# Part Markup Percentage... Please help



## tshanks (Dec 21, 2006)

1. I am sorry if this isn't a good place to post this... But I do think that because my boss is a political *** and a ripoff genius... I figured I'd try here...

In a retail environment, what is the suggested markup for parts... i.e. like in a mom/pops computer store...

I currently work for a small computer store in the chicago land region, and my boss tells me that all parts are to be marked up at 1.67 because that is industry standard... That makes a router that costs $58, now retails at $96. Personally, I think he is full of **** when he tells us this, but I just wanted to get an idea what everyone else thinks... And yes, our parts comes from TechData, NewEgg, Best Buy, Comp USA, and other locations...

Not just routers, but everything, including hard drives, motherboards, memory, UPSs, LCD's, you name it...

Heck, he takes UPS's that he's gotten an advanced replacement thru the manufacturer, and then sold the UPSs and retail prices... I'm talking the 350 units you purchase for $39 in most stores, he sells between $69 and $129. Even if they have a remanufactured sticker on it, he takes it off and then sells the unit. He will even create fake invoices and then call up these manufacturers to get the items replaced.

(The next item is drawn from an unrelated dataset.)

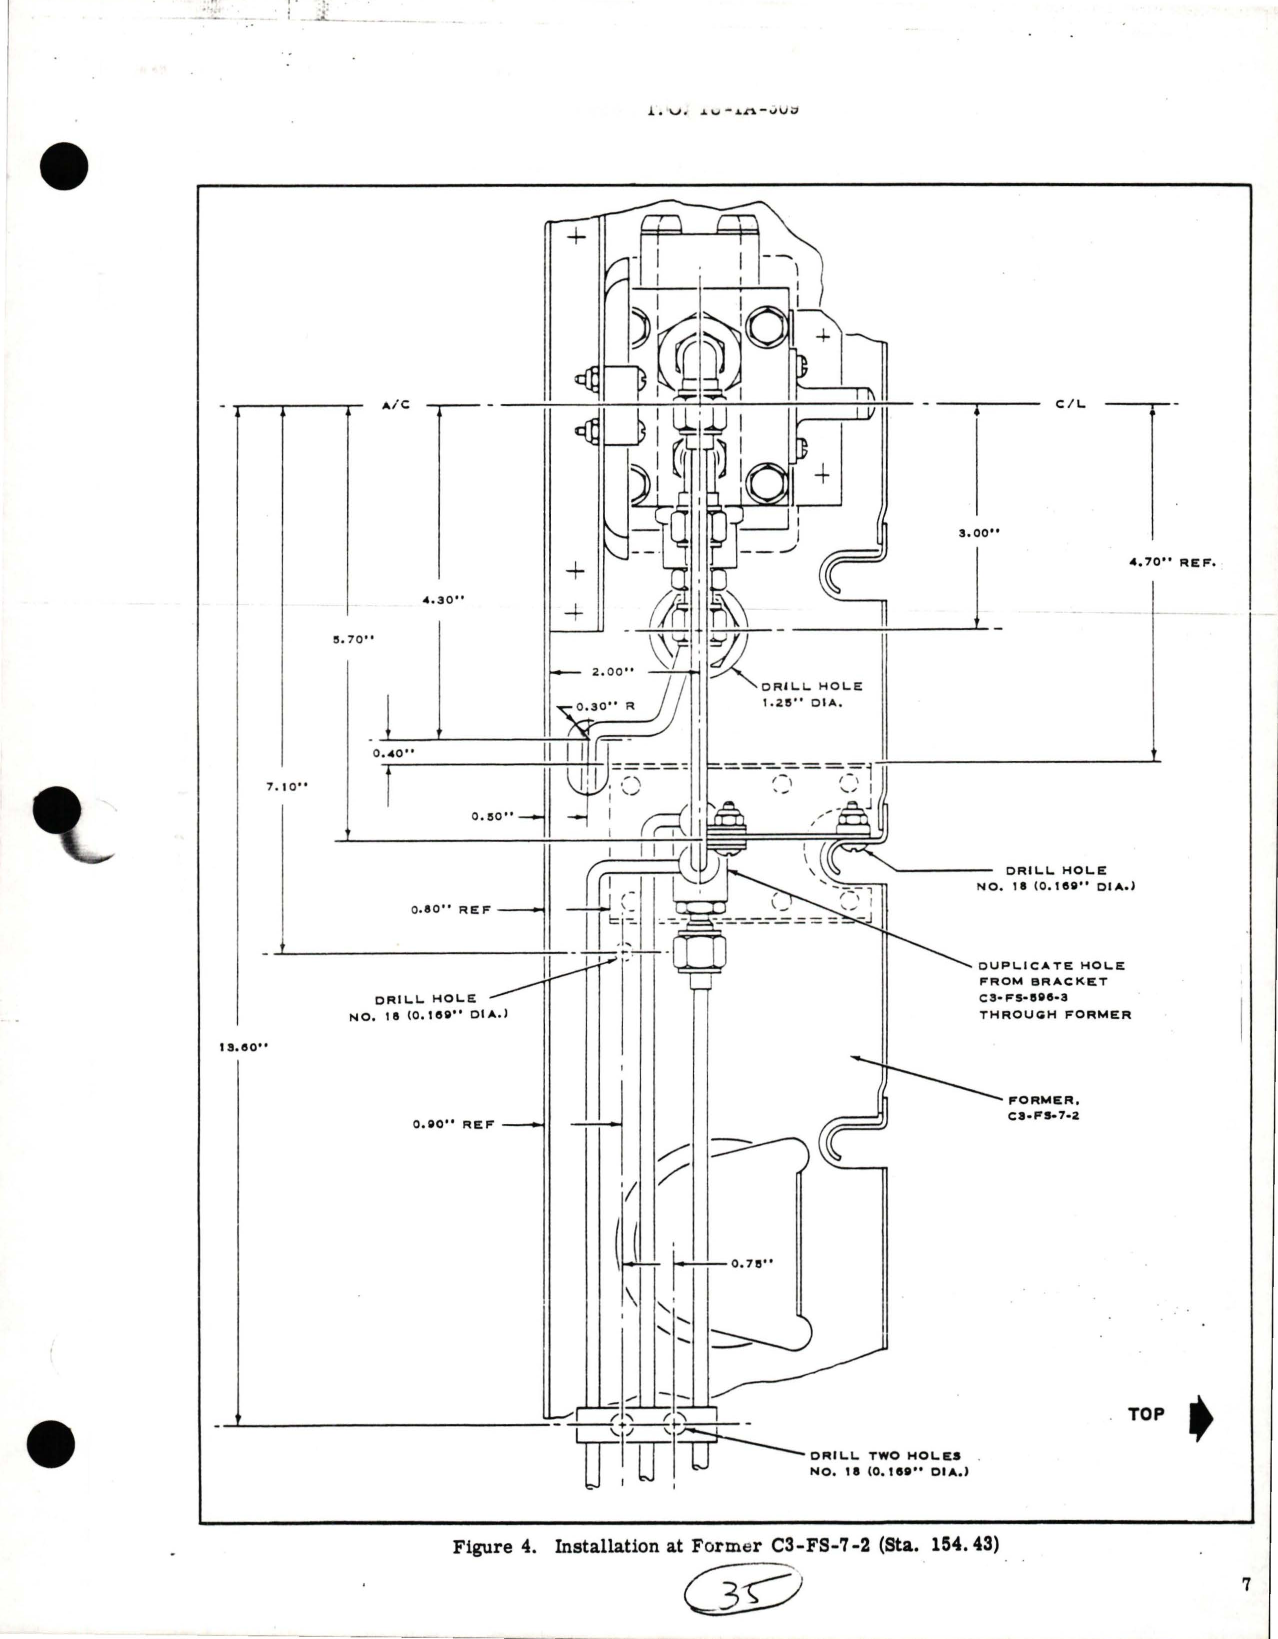 Sample page 7 from AirCorps Library document: Modification of Flap Hydraulic System for U-1A and YU-1

So, yeah I think he's a crook, but it's a full-time paying job... I get $30K to be a technician... Unfortunately, we're out here in the far western burbs, and I don't want to travel into the city for a better paying job.

So, back to my main question, what is the standard markup for a small repair shop for parts???

Thanks
T


----------



## jimr381 (Jul 20, 2007)

First off what he is doing is fraud. Secondly accessories have an extremely high markup on them. A cable that you might pay $40 dollars for at CompUSA when i was opened would have a cost of around $2. Computers typically have an 8% profit on them with other accessories falling within the range of the two extremes. I personally would not want to work for someone that has those scruples, but that is just me.


----------



## JohnWill (Oct 19, 2002)

Well, in truth, what he's doing is perfectly legal and I see no evidence of fraud. If you have a business, you're free to charge pretty much whatever you like for an item. The consumer is also free to shop elsewhere if your prices are too high.

If you look around, you can find the exact item from on-line sources for a variety of prices, just check almost any device.

Here's a typical example, note that the prices are almost a 3:1 ratio from high to low. http://computers.pricegrabber.com/hard-drives/m/17987372/sort_type=bottomline

All of this is perfectly legal, but you'd be a fool to buy that thing for $328.90, right?


----------



## Knotbored (Jun 5, 2004)

Lets see-you make about $30K plus the cost to provide you workspace taxes, heat, lighting etc so your cost is about $60K a year.
Lets see- that works out to $30 an hour or 50 cents a minute- how long did it take you to unpackage-put on the shelf, calculate the price and post the lable on a part? Now since not every part is sold every day-what is the cost to borrow money to store the unsold stuff?
Since the boss, his secretary and all the other folkjs also need to be paid I guess there should be some profit to get that cost from.

I would bet your boss makes a smaller percentage of profit then that cuppa java you bought this morning, or the parking lot you stored your car.
Plus he will need to pay for retraining the new person likely to replace the ungrateful tech help he presently has.


----------



## jimr381 (Jul 20, 2007)

JohnWill said:


> Well, in truth, what he's doing is perfectly legal and I see no evidence of fraud. If you have a business, you're free to charge pretty much whatever you like for an item. The consumer is also free to shop elsewhere if your prices are too high.
> 
> If you look around, you can find the exact item from on-line sources for a variety of prices, just check almost any device.
> 
> ...


What is fraud, is repackaging remanfactured parts as new. He said he watched his boss take off the refurbished/remanufactured sticker and sell it as new. What part of that is not fraud?


----------



## JohnWill (Oct 19, 2002)

Well, that's true, I guess I glossed over the part of repackaging parts.  You are certainly correct.


----------